On Kalshi (CFTC-regulated) resolution runs through their in-house clearing engine in USD. Betfair Exchange settles after match end in the account's local currency. Manifold pays no cash — only its in-platform "mana" currency.
FAQ
- Where can I trade this market with the lowest fees?
- On Polymarket Tax UK, which mirrors the Polymarket order book at 0% fees. Kalshi charges up to 7% per trade; Betfair Exchange takes 2-5% commission on net winnings.

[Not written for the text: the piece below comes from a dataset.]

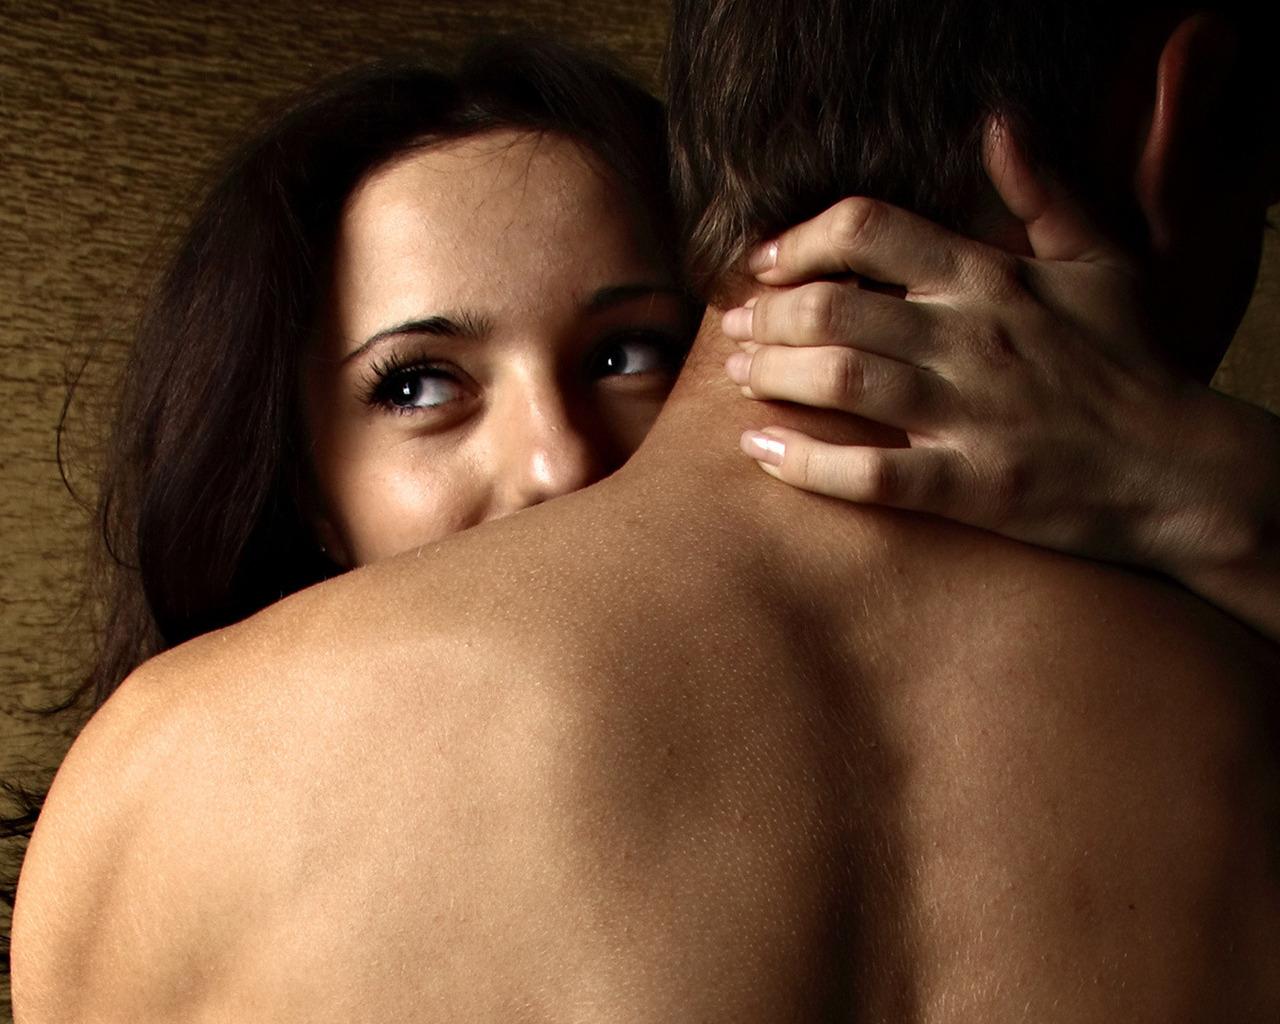 Сексуальные вопросы парню 21 фотография
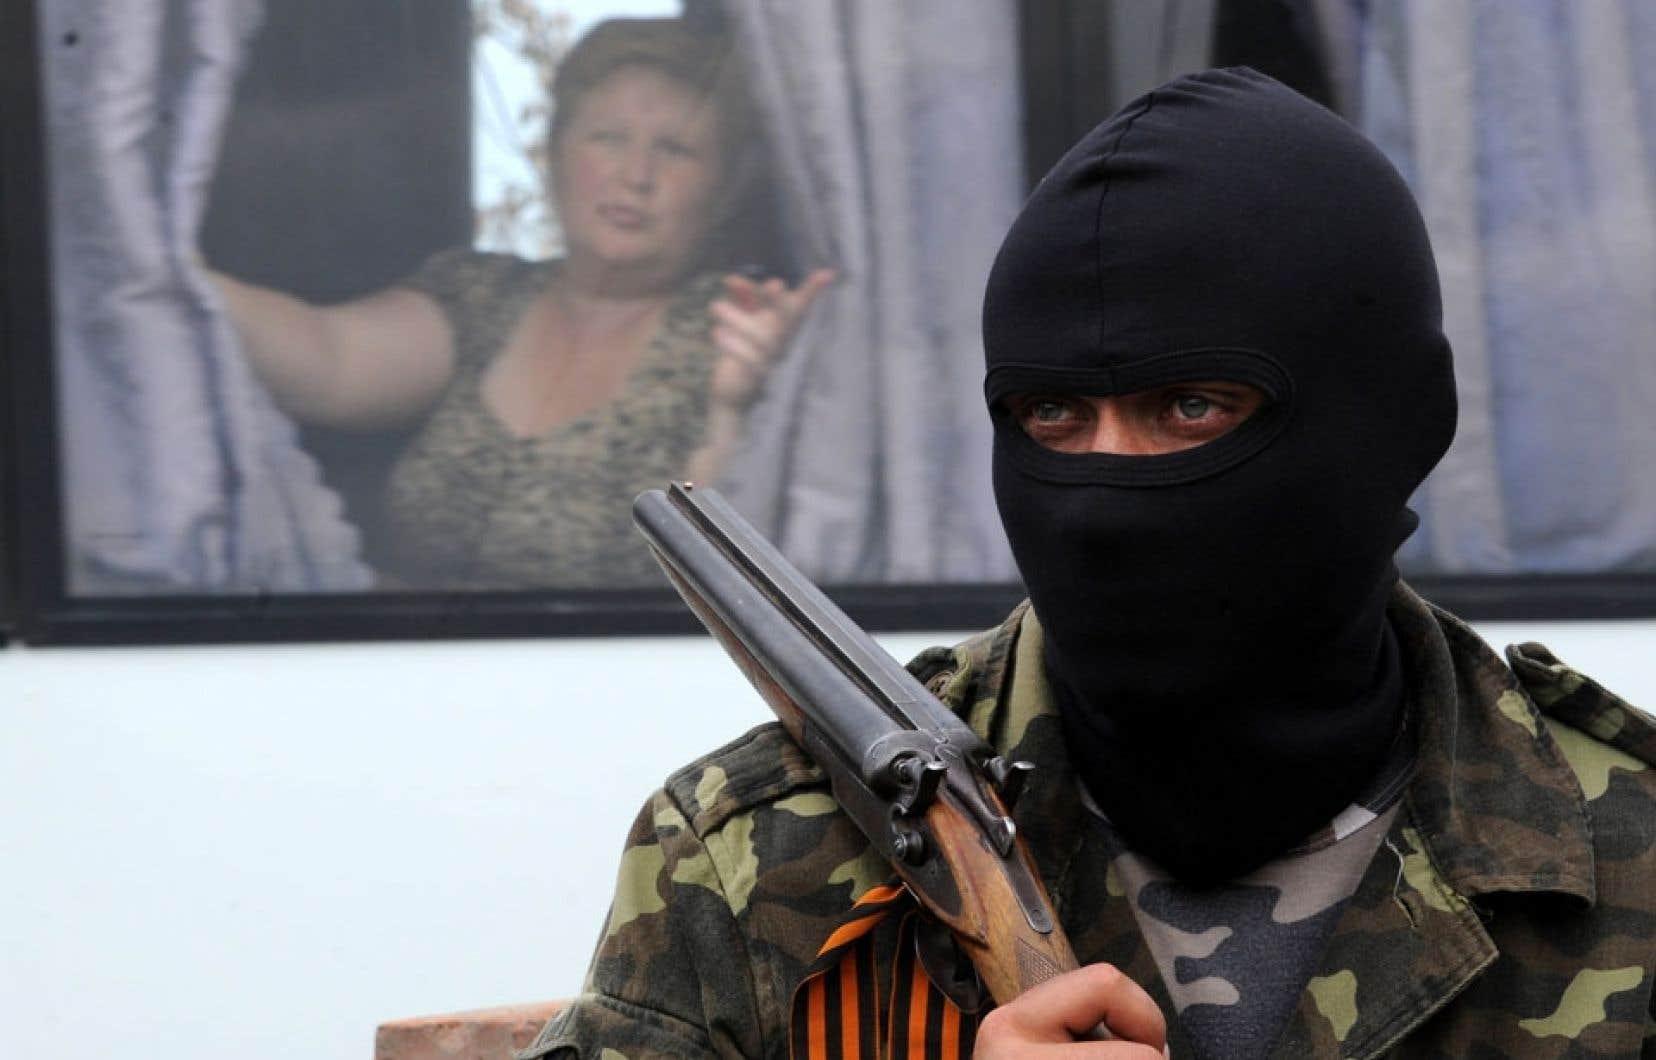 Une scène de la vie quotidienne à Slavyansk.

- How does resolution work?
- Through the UMA Optimistic Oracle on Polygon: a proposer submits the outcome, a two-hour challenge window opens, and USDC payouts settle automatically once the result is final.
- How fast are USDC deposits?
- Polygon credits deposits after 12 confirmations — usually under 30 seconds. Withdrawals follow the same path and land back in your wallet within minutes.
- Do I need to KYC for this market?
- Not under $1,500 of lifetime trading volume. Above that threshold, Polymarket Tax UK triggers a quick verification flow that finishes in minutes.
- How reliable are the quoted odds?
- The YES/NO percentages are the live mid-prices of the Polymarket order book. On deep markets they move every few seconds; on thinner ones you'll see short plateaus.